「聾・難聴児教育を考えるための基礎知識ー聾・難聴児の言語力」
日時:平成16年11月27日 (土)13:00〜17:30
場所:京都ノートルダム女子大学ユージニア館2階
内容:
第1部13:00〜14:45ー手話と手話データの文字化についての基礎知識
講師 金沢大学教育学部助教授 武居渡先生
*手話の言語的特徴とは何か?音声言語との違いの主な点、大切な点とは何か?日本手話と対応手話の区別についての知っておくべきことは何か?実際に子どもはこうした様々なタイプの手話をどう使い分けているのか?またその中間のような手話とはいつ誰が誰に対してどのように使われているのか?
*手話をデータの一部とする研究において、データの記述のために手話を 文字化するにはどのような方法があるのか?いままでに使用されている方法について、データを扱う者が知っておくべき誤解を産む危険性のある点、問題点、限界とは何か?
休憩 14:45〜15:00
第2部15:00〜16:45ー聾・難聴児の教育モデルと問題点、学校現場での技術的専門性についての基礎知識 広島聾学校教諭 池頭一浩先生
*聾・難聴児童・生徒への教育がもつ難しさとは何なのか?特に、教師の努力で解決する技術面ではなく、教室の外に存在し、教育実践を複雑、かつ、困難にしてしまう要因とは何なのか?聾・難聴児童・生徒への教育の歴史的な流れの中で試みられたアプローチとは何か?様々な教育モデル(医療モデル・福祉モデル・文化モデル)とは何か?現状は?聾・難聴児童・生徒への教育に関わろうとする人が知っておかねばならない現代の課題(現場の課題、行政や大学、医療の問題など)とは?
*聾・難聴児童・生徒への教育に、手話を取り入れた実践例の中から、子どもたちの言語発達の実例を知る。ろう学校の国語科での指導の内容はどのようなものか?それ以外の教科、日常生活での指導は?配慮していること、工夫していることは?その結果として育っている、現時点での子どもたちの言語能力の到達度と課題(特徴的なエラー等)は?
第3部16:45〜17:30ー全体討論
現実の様々な制約の中で、聾・難聴児童・生徒への教育を少しでもよくするために必要な言語データをもとにした研究とは何なのか?どのようなデータを収集し、どのような研究を協力して進めていくことが必要なのか?可能な研究テーマの中で優先順位をつけるとすれば、何が先決課題なのか?
講師紹介
武居渡先生:金沢大学教育学部障害児教育講座助教授。聴者。ろう児の手話言語獲得過程について研究。特に、ろうの乳児が手話を獲得するために、0歳代で何を準備しているのかについて、研究。最近は、手話の評価法や手話とリテラシーとの関係などにも興味を持っている。

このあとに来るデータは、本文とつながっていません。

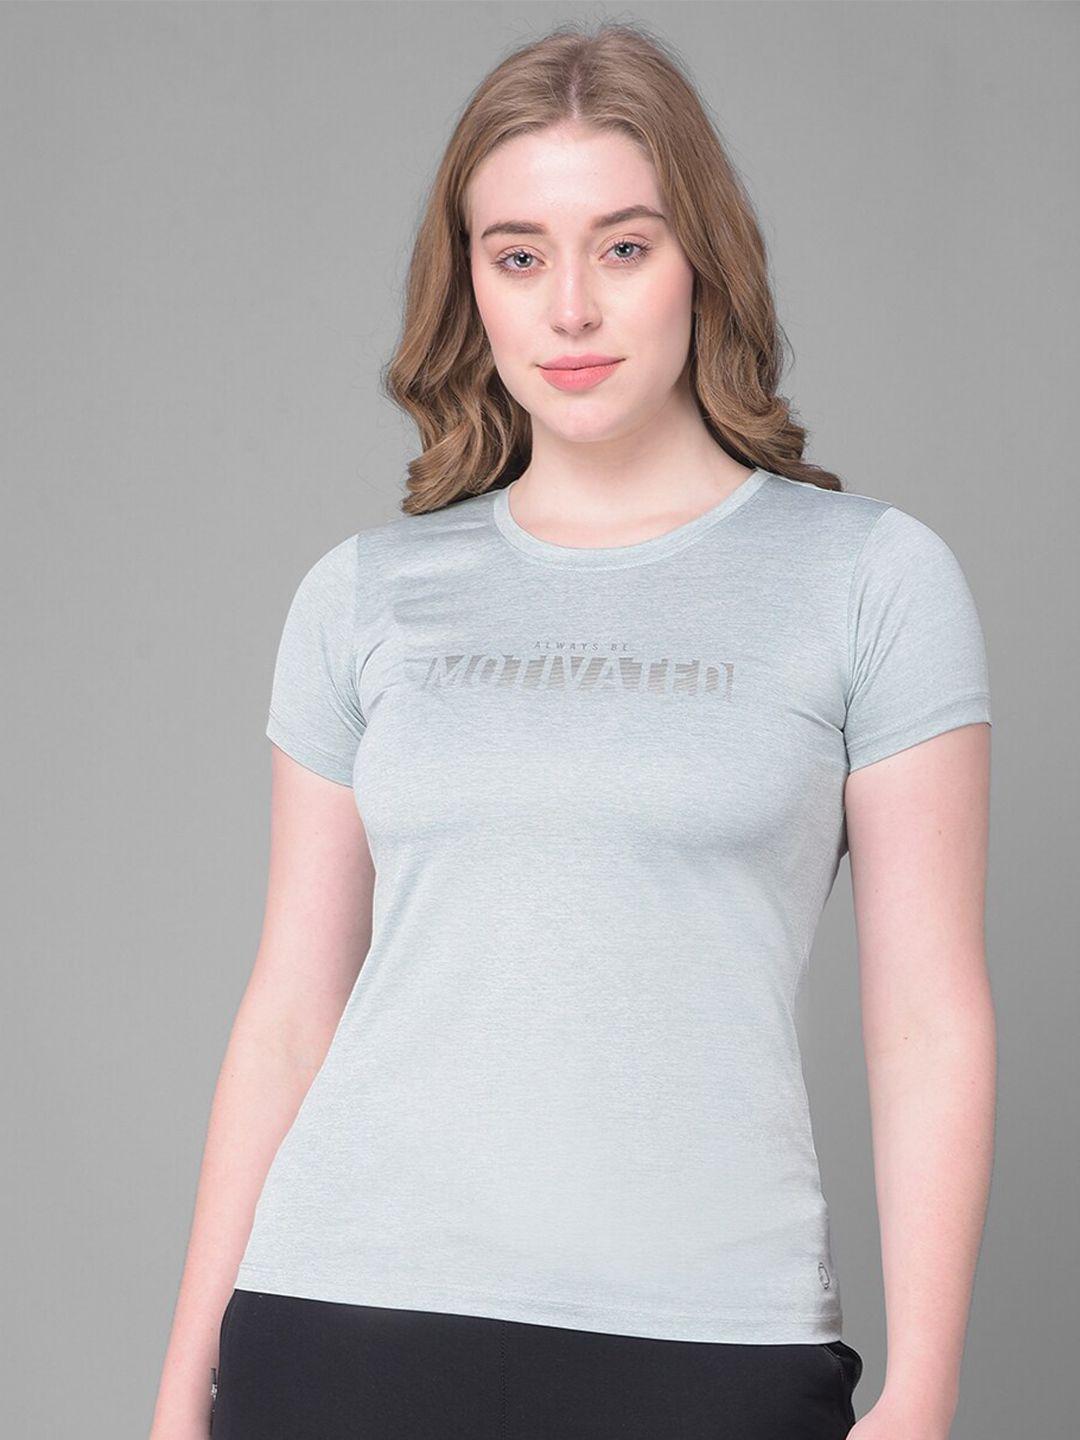 dollar-typography-printed-round-neck-sports-t-shirt

論文「ろう児の第二言語習得」. 『月刊言語』, 32(8), 49-57 (2003).「手話とリテラシー−ろう児の指導法をめぐって−」. 『教育学研究』, 70(4), 66-76 (2003)他多数.
池頭 一浩先生:広島県立広島ろう学校教諭 。1992年より現職(幼稚部→小学部→聴能・教育相談→小学部)。 ろう・難聴教育研究会(旧トータル・コミュニケーション研究会)運営委員。第5回・第6回ろう教育実践交流会事務局代表。中四国きこえとことばの勉強会代表。新生児聴覚スクリーニング検査を考えるシンポジウム準備・実行委員。NHK教育テレビ「聴覚障害者のみなさんへ」(タイトル「手話で学ぶ 広島ろう学校」),同「にんげんゆうゆう」(タイトル「自信を育む 広島ろう学校」)に出演。 著書『聾教育の脱構築』(金澤貴之編著,明石書店)をはじめ,関係する研究会や雑誌にろう教育に関する論文・レポートを多数発表し,講演活動も行っている。